Tuesday, June 22, 2010

Test Your TTAB Judge-Ability: Is "LEMONADE" Merely Descriptive of Restaurant Services?

Flower Restaurant Group, Inc. applied to register the mark LEMONADE for “restaurant services; catering; self service restaurants.” The Examining Attorney deemed the mark merely descriptive and refused registration under Section 2(e)(1), arguing that Applicant highlights lemonade as a “house specialty.” Applicant contended that the mark is merely suggestive, evoking “an earlier time in a consumer’s life, when she was a kid, when she was focused on having fun and (in retrospect), when life was easy.” How do you think this one came out? In re Flower Restaurant Group, Inc., Serial No. 77455669 (June 2, 2010)[not precedential]

The Examining Attorney pointed to Applicant’s website, which draws attention to its lemonade: “Once you’ve filled your tray with quirky, mouthwatering morsels, pay up at the central stand, where you’ll select from the several varieties of the requisite lemonade. Favorites are rosemary, watermelon and pink ginger….” [Not so popular are spinach, onion, and licorice - ed.]

Applicant contended that the décor of its restaurant reflects the symbolic role of lemonade: “it is evocative of a grade-school cafeteria.” Applicant further noted that, although its menu includes four blends of lemonade, it also includes other beverages and a selection of food items.” [Why on earth would anyone who wanted to go out for dinner, choose a place reminiscent of a grade school cafeteria? - ed.]

The Board didn’t buy what Applicant was offering. It was not convinced that the word “lemonade” by itself evokes the meaning that Applicant suggested, and instead it agreed with the Examining Attorney that LEMONADE is merely descriptive of the services. “[I]t is enough that the term describes one significant feature of the services.”

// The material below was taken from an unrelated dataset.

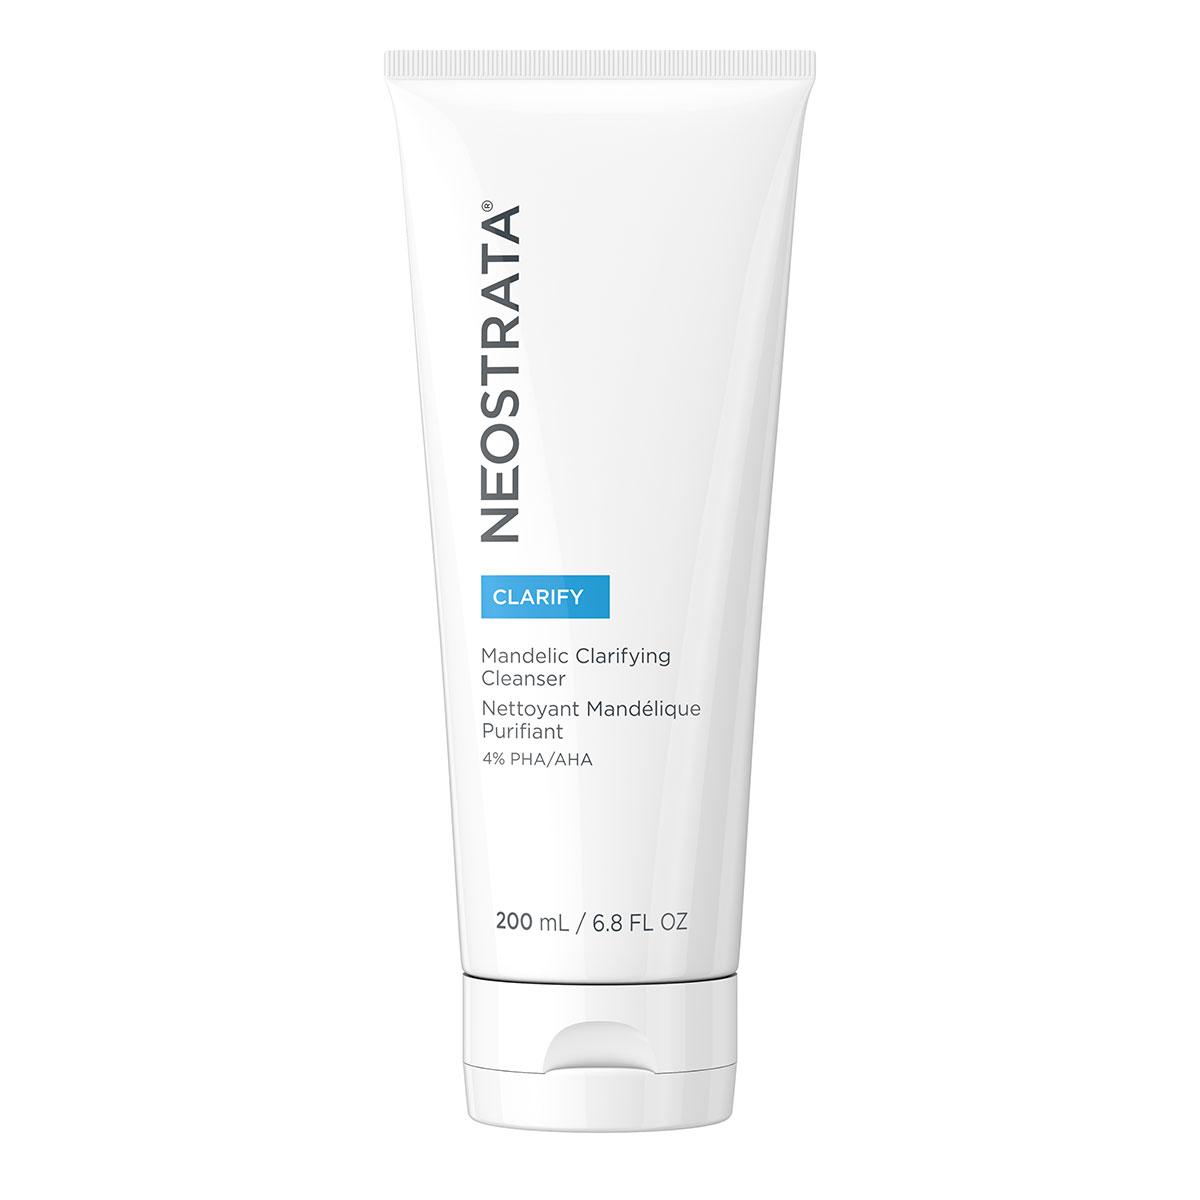 Neostrata Clarify Mandelic Clarifying Cleanser 200 ml

Applicant submitted third-party registrations for MUSTARD CAFE, KETCHUP, HONEY, CITRUS, and FIG & OLIVE, all for restaurant or related services, but the Board poo-pooed that evidence, since the Board must decide each case on its unique facts and the record before it.

Furthermore, we do not find any of the marks applicant references analogous to LEMONADE. For example, it is not reasonable to conclude that either mustard or ketchup would generally serve as a featured attraction in a restaurant. Accordingly, we reject that argument. [I believe that the legendary MUCKY DUCK mustard originated at a restaurant of the same name. So perhaps mustard may be a “featured attraction” at a restaurant. - ed.]

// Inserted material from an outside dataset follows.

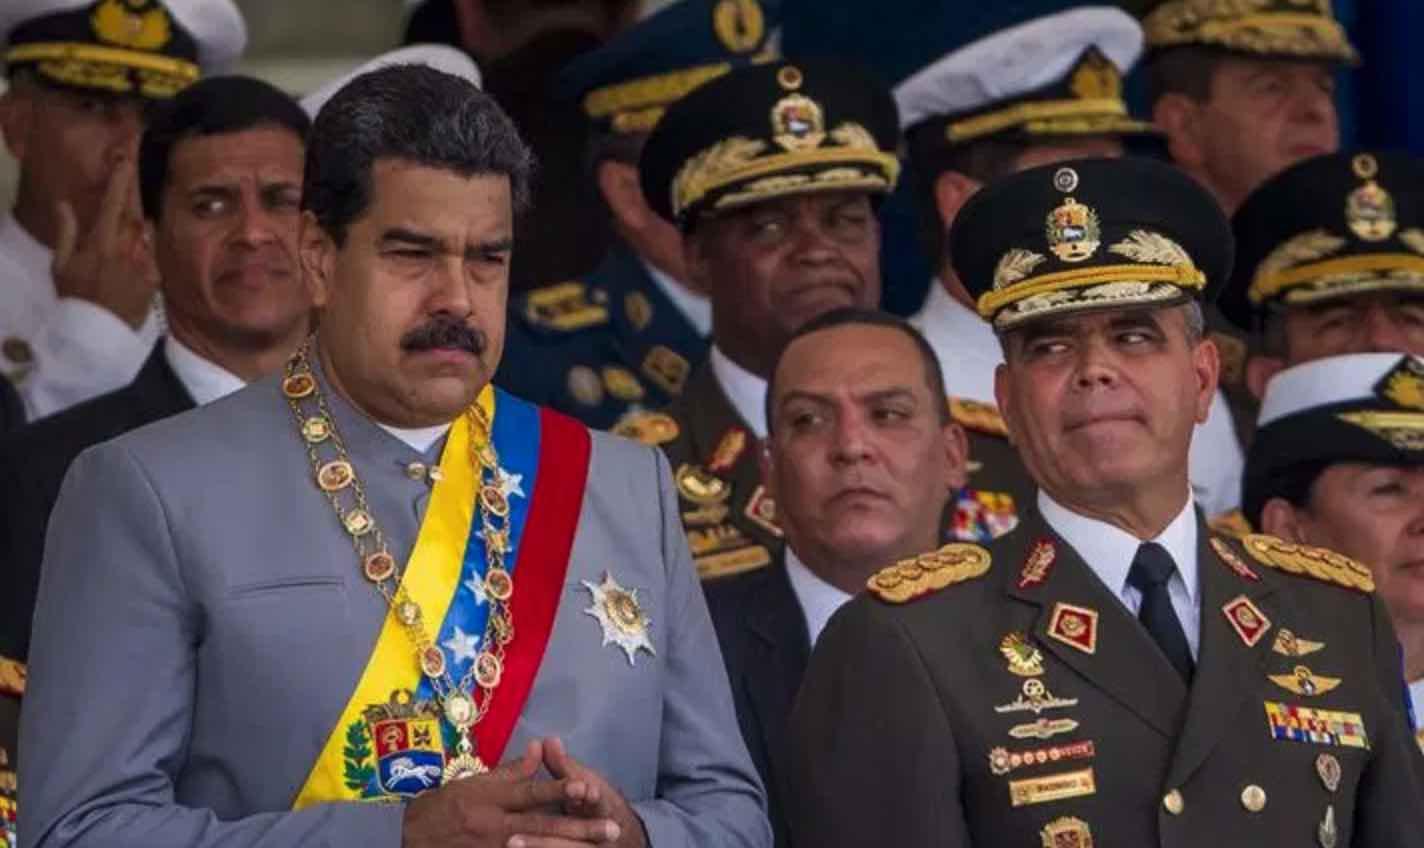 Nicolás Maduro y Vladimir Padrino, Dictadura venezolana

And so the Board affirmed the refusal.

TTABlog comment: Having recently imbided about 30 ounces of “lemonade” in a short period of time in preparation for a certain medical procedure, I’m currently not very interested in anything having to do with LEMONADE.

Text Copyright John L. Welch 2010.


At 4:10 PM, Anonymous Anonymous said...

I don't think the case is as clear cut as it appears on the surface. My understanding of the "test" the applicant referred to (based on the three decisions cited), is that the name for a food items served in a restaurant will be descriptive for restaurant services if it 1) is generic for the food item, and 2) is a specialty of the house. While it's not a bright line test, it's referred to pretty consistently in the case law. The cases cited go into pretty great detail about percentages of the food item sold that make it a specialty of the house or not. In one of the cases, CHAMPAGNE was not descriptive of restaurant services even where the restaurant served Champagne, and where Champagne was deemed generic for a style of sparkling wine, because the restaurant did not specialize in selling Champagne.

I dunno, I think it's a tricky argument to make, but not an impossible one.